Мы были настолько разными, что несходство наших лиц и тел казалось мне уже неважным, а когда люди удивлялись тому, что мы близнецы, я думала, без сомнений, что Рейна — девочка, а я — нет. Много раз я думала, что если бы мы казались окружающим людям похожими, все было бы иначе. Я постоянно размышляла над феноменом сходства, которого мы избежали, думала, что в противном случае я бы чувствовала то же самое, что и сестра. Но я не имела с ней ничего общего, и она, мне кажется, а вовсе не чувствовала моих страданий и переживаний. Мы не совпадали во всем — от выбора гренок за завтраком до времени пребывания в ванне по вечерам. Порой мене казалось, что Рейна находится где-то рядом, что она намного ближе мне, чем все остальные люди. За завтраком меня не покидало ощущение, что гренки, которые я ем, — это ее гренки, ванна, в которой я моюсь, — ее ванна. Потому что все, чем я пользовалась, было дубликатами вещей сестры, с той лишь разницей, что в ее руках они выглядели более естественными, чем в моих. Это только подчеркивало наше несходство. Мир, в котором мы жили, был тем местом, которое Рейна будто бы выбрала для себя. Мне не хватало сил, чтобы сменить маску, которую я создала по подобию своей сестры, достоинств которой у меня никогда не будет. Я чувствовала, что напоминаю однорукого фокусника, слепого фотографа, крошечной гайкой (к тому же еще и с дефектом), мешающей слаженной работе гигантской божественной машины. Я хотела стать лучше и напрягала память, чтобы запомнить каждое слово Рейны, каждый ее жест, каждый поворот ее головы.
Каждое утро я вставала с постели, намереваясь прожить новый день правильно, без ошибок. Я даже составляла в голове некий план, но если только начинала ему следовать с утра и до вечера, то непременно ошибалась.
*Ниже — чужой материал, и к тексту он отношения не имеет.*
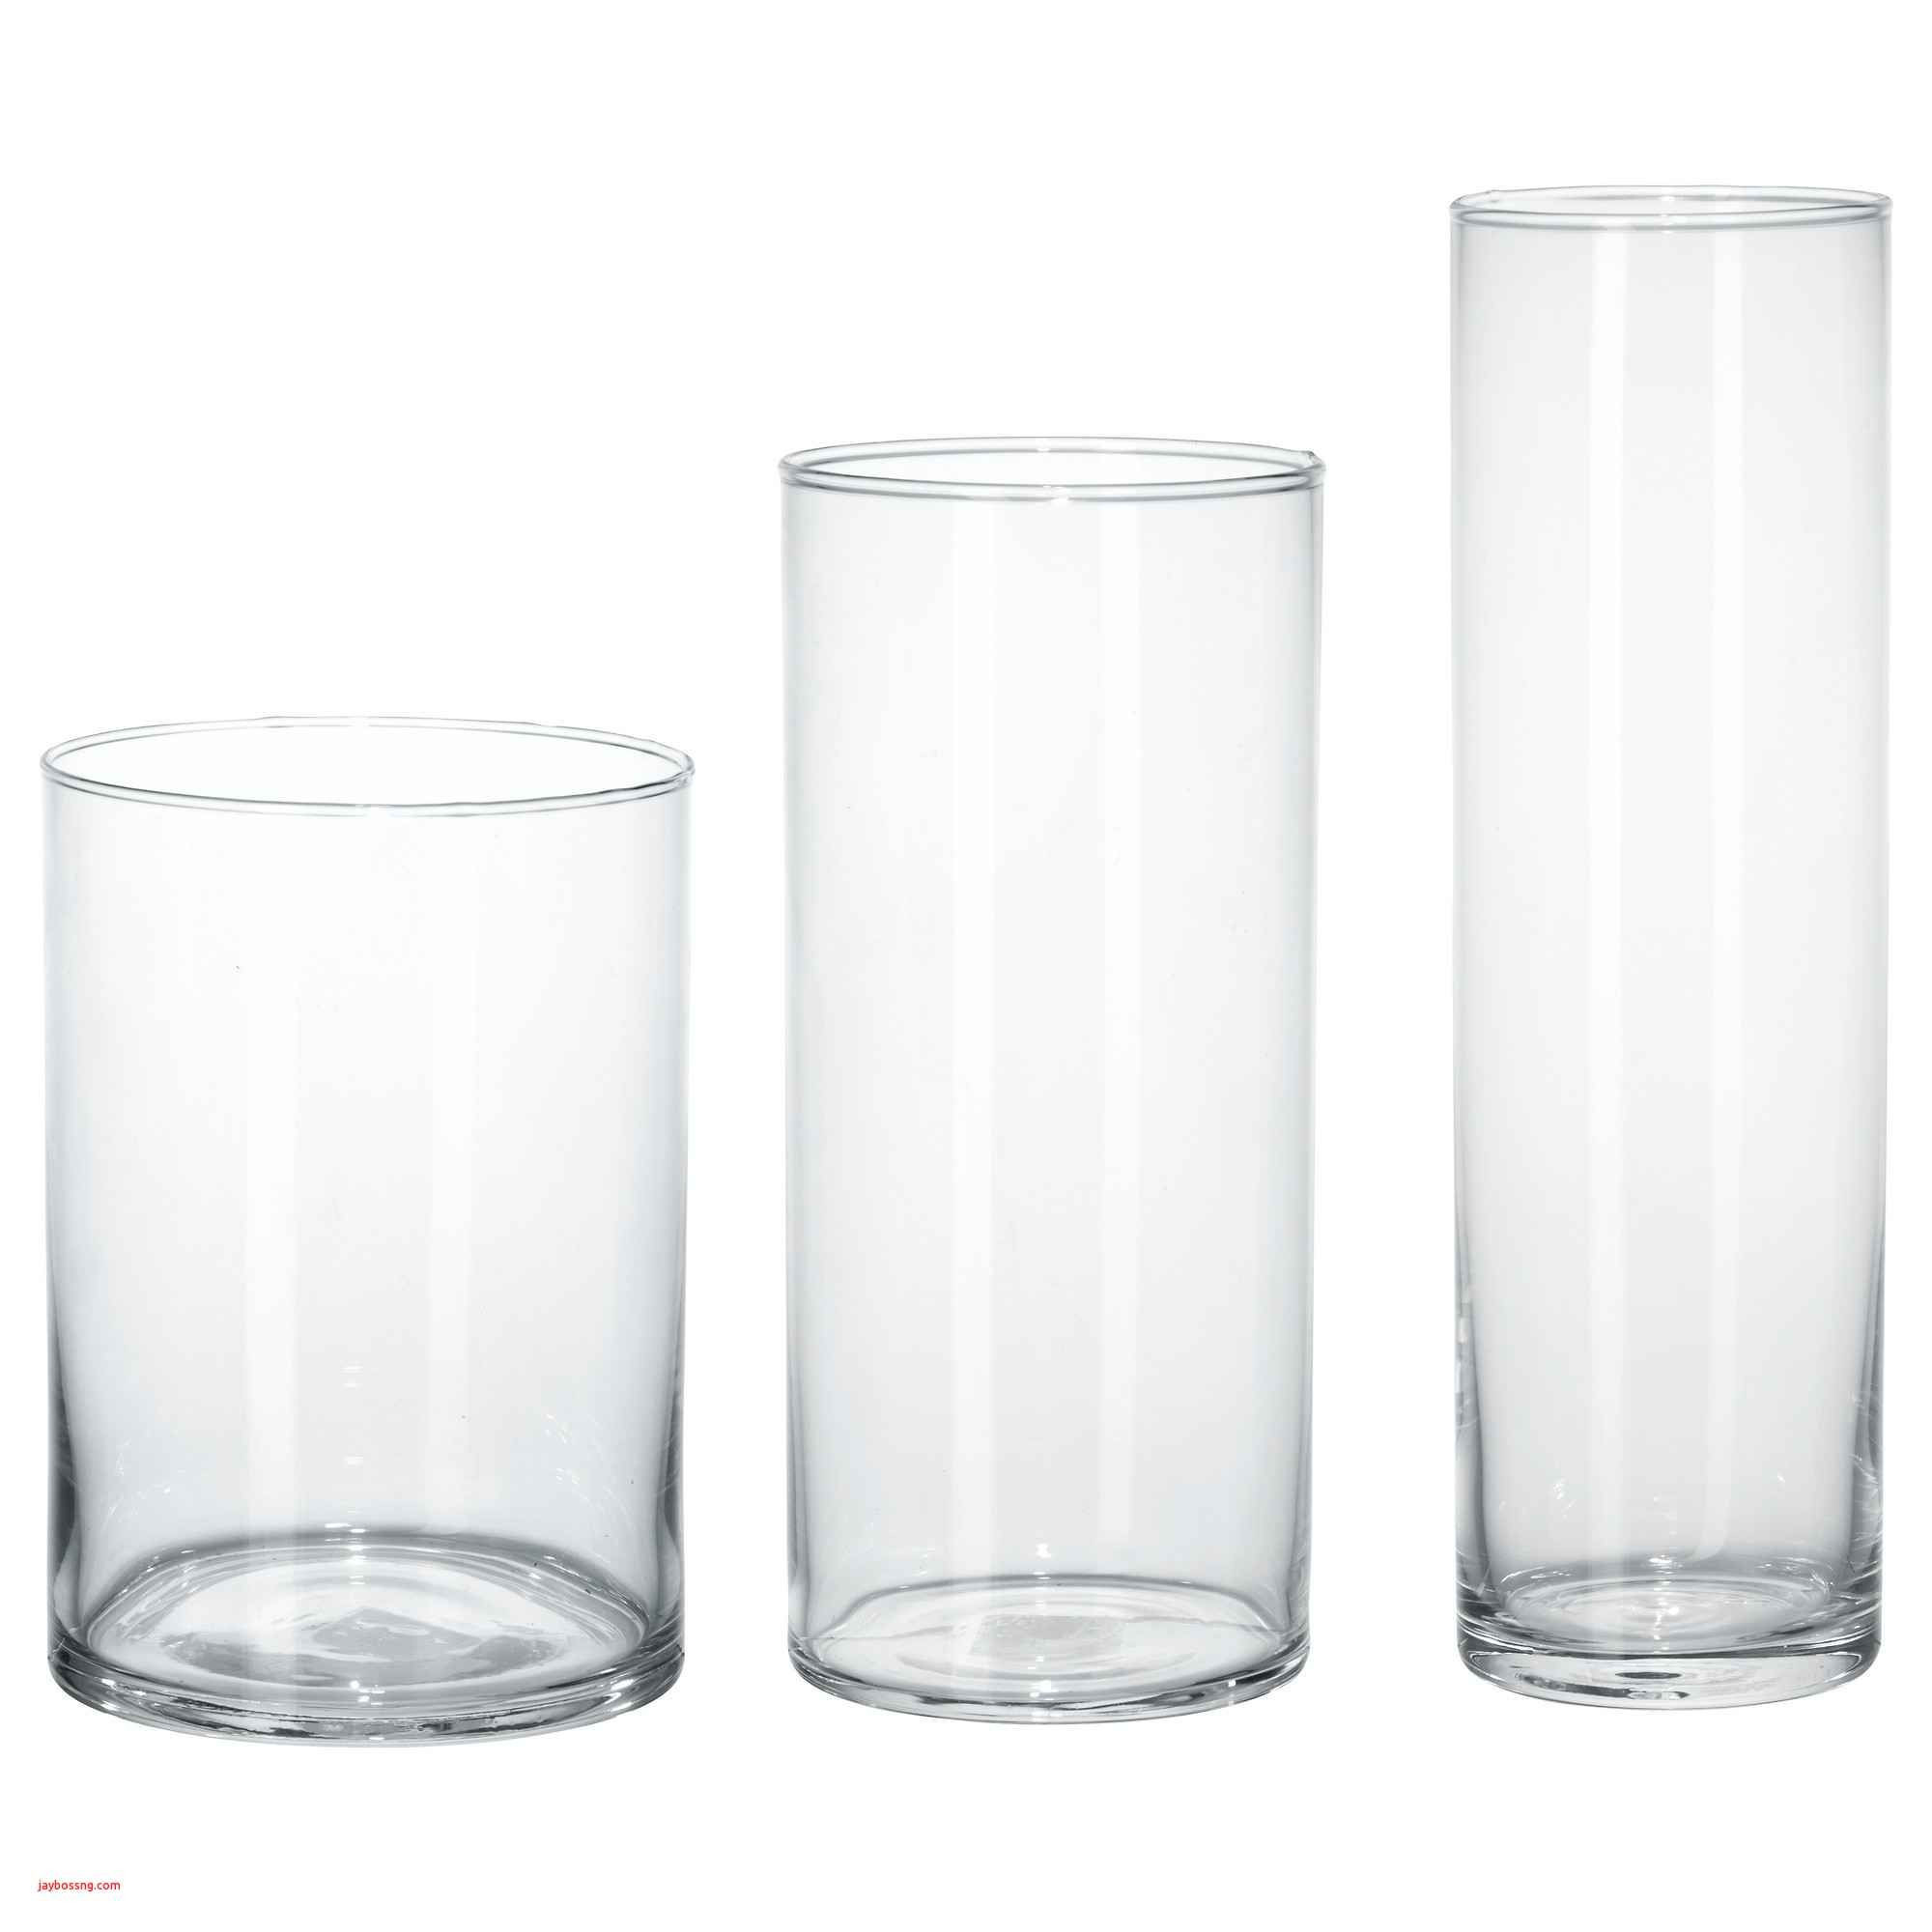 27 Nice Black Glass Square Vase 2024 free download black glass square vase of brown glass vase fresh ikea white table created pe s5h vases ikea with regard to brown glass vase fresh ikea white table created pe s5h vases ikea vase i 0d bladet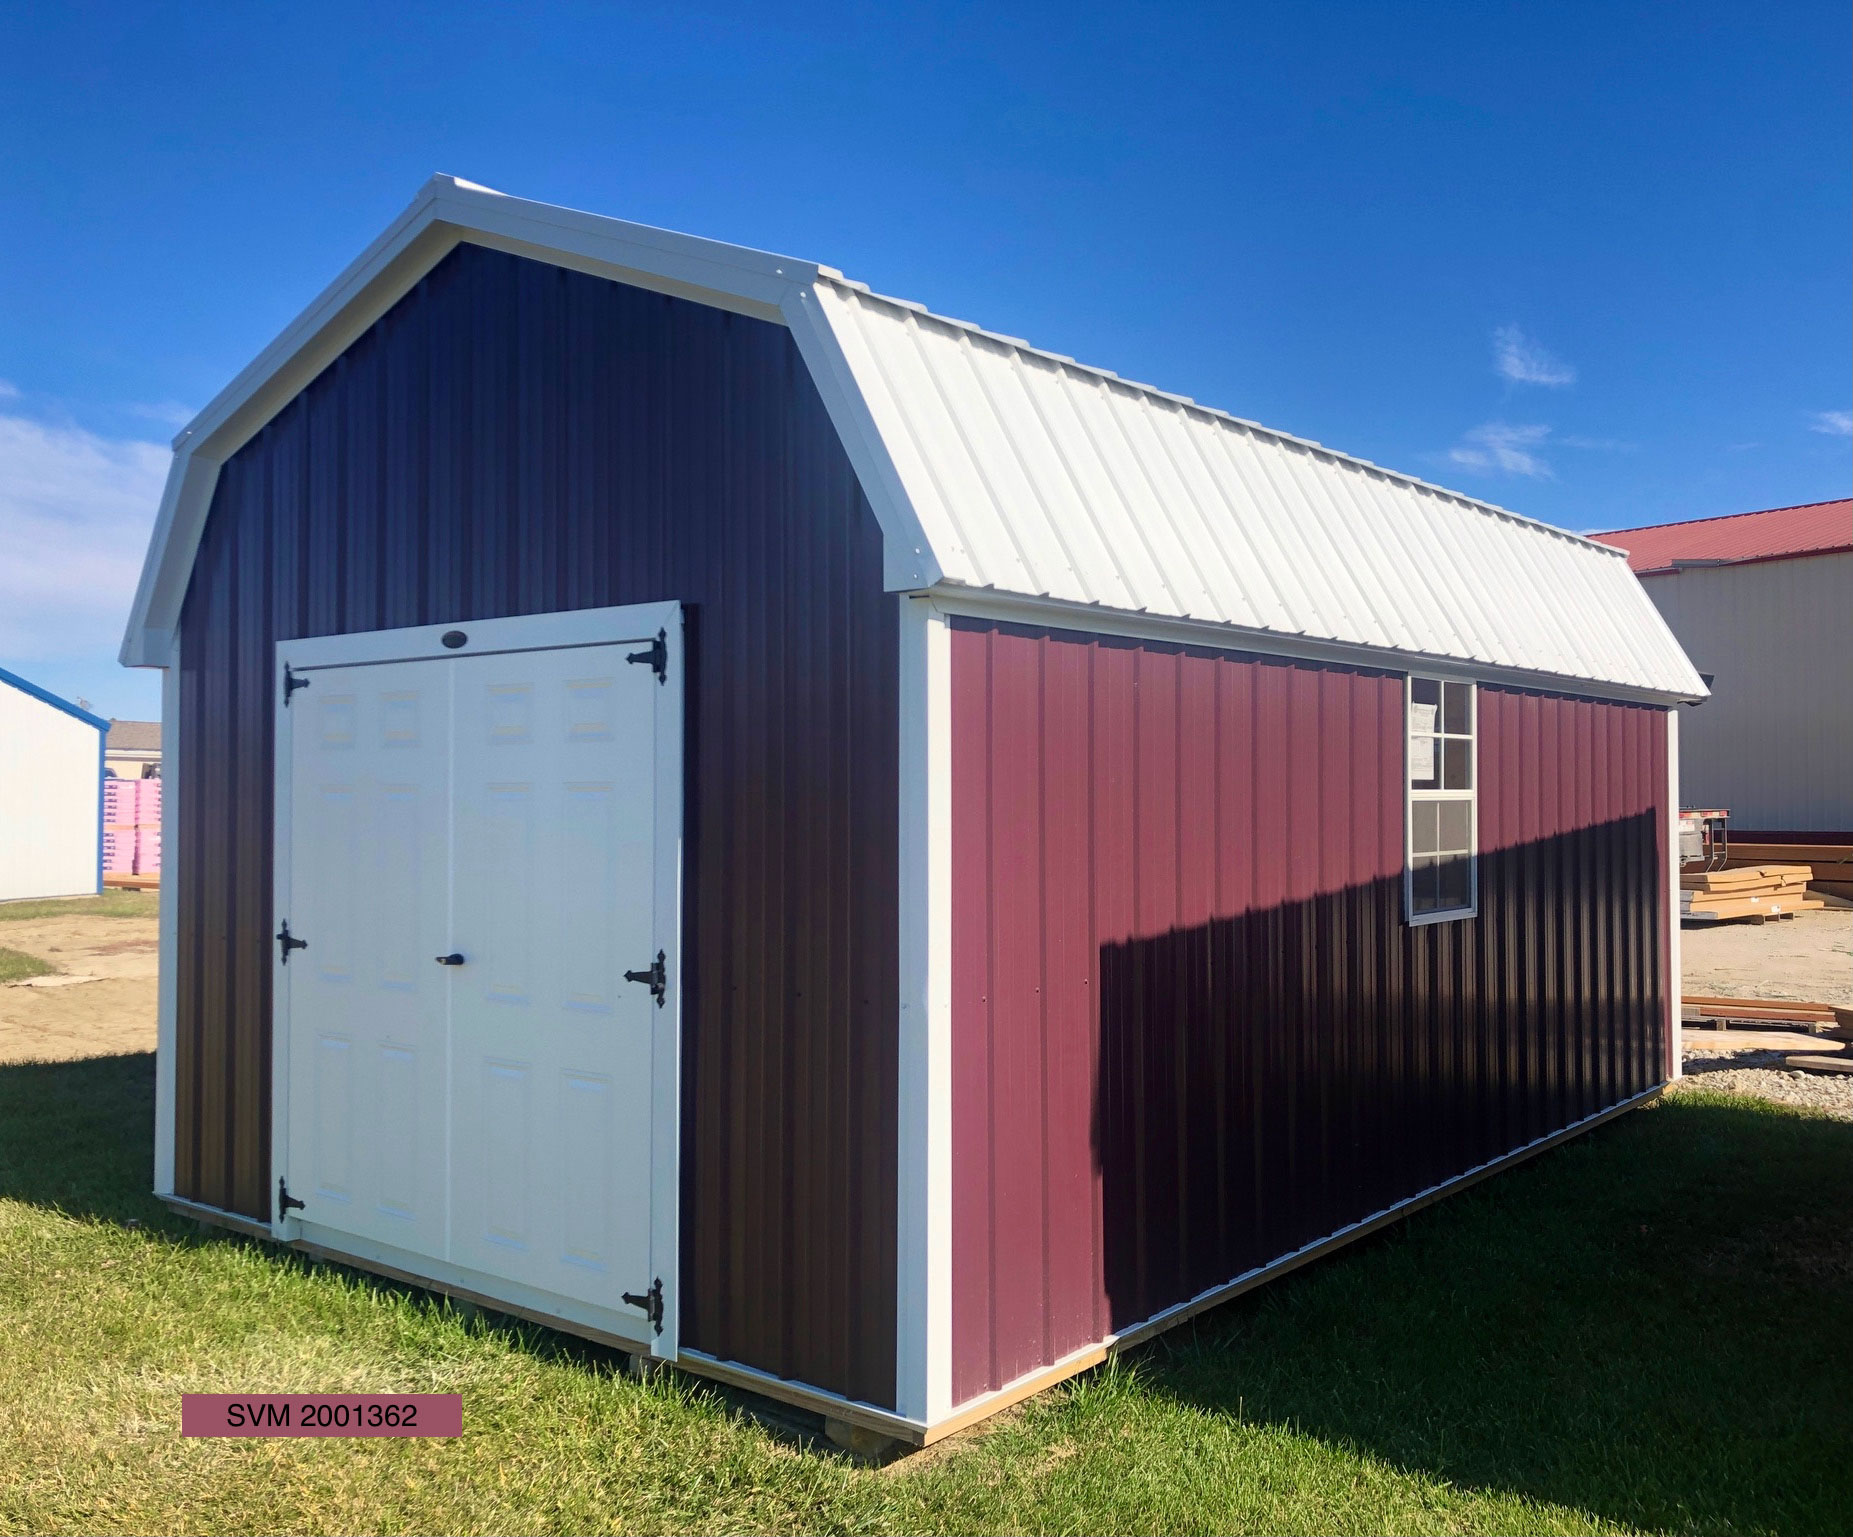 martins-mini-barns-spring-valley-sheds-gallery (115)

Я вела себя хорошо и предусмотрительно, но не могла забыть о том, что девочка, которой я хотела стать, была всего лишь глупой упрямицей, возможной копией моей сестры, а никак не мной. Мое поведение меня не беспокоило, ведь внутри я продолжала оставаться самой собой. Во всей этой путанице между мною настоящей и вымышленной преобладала любовь, которую я испытывала к Рейне, — чувство, невероятно сильное временами. Это чувство никогда не переставало быть любовью, но в то же время оно никогда не доходило до абсолютного, абсурдного состояния. Думаю, чтобы сильно кого-то любить, необходимо преодолеть чувство самосохранения, а я этого не сделала и потому всегда сильно раздражалась, когда видела Рейну. Чем дальше, тем тяжелее я выносила то, что Рейна много времени проводила с отцом, пока я ждала его в Фернандес де Алькантара, так же, впрочем, как мама и Магда. Я постоянно билась над решением головоломки мироздания, придуманной каким-то утомленным духом, который развлекался, рисуя части своего ребуса на отдельных лоскутах ткани, очень похожих между собой. Темные портреты, висевшие на стенах дома на Мартинес Кампос, и были частью этого ребуса.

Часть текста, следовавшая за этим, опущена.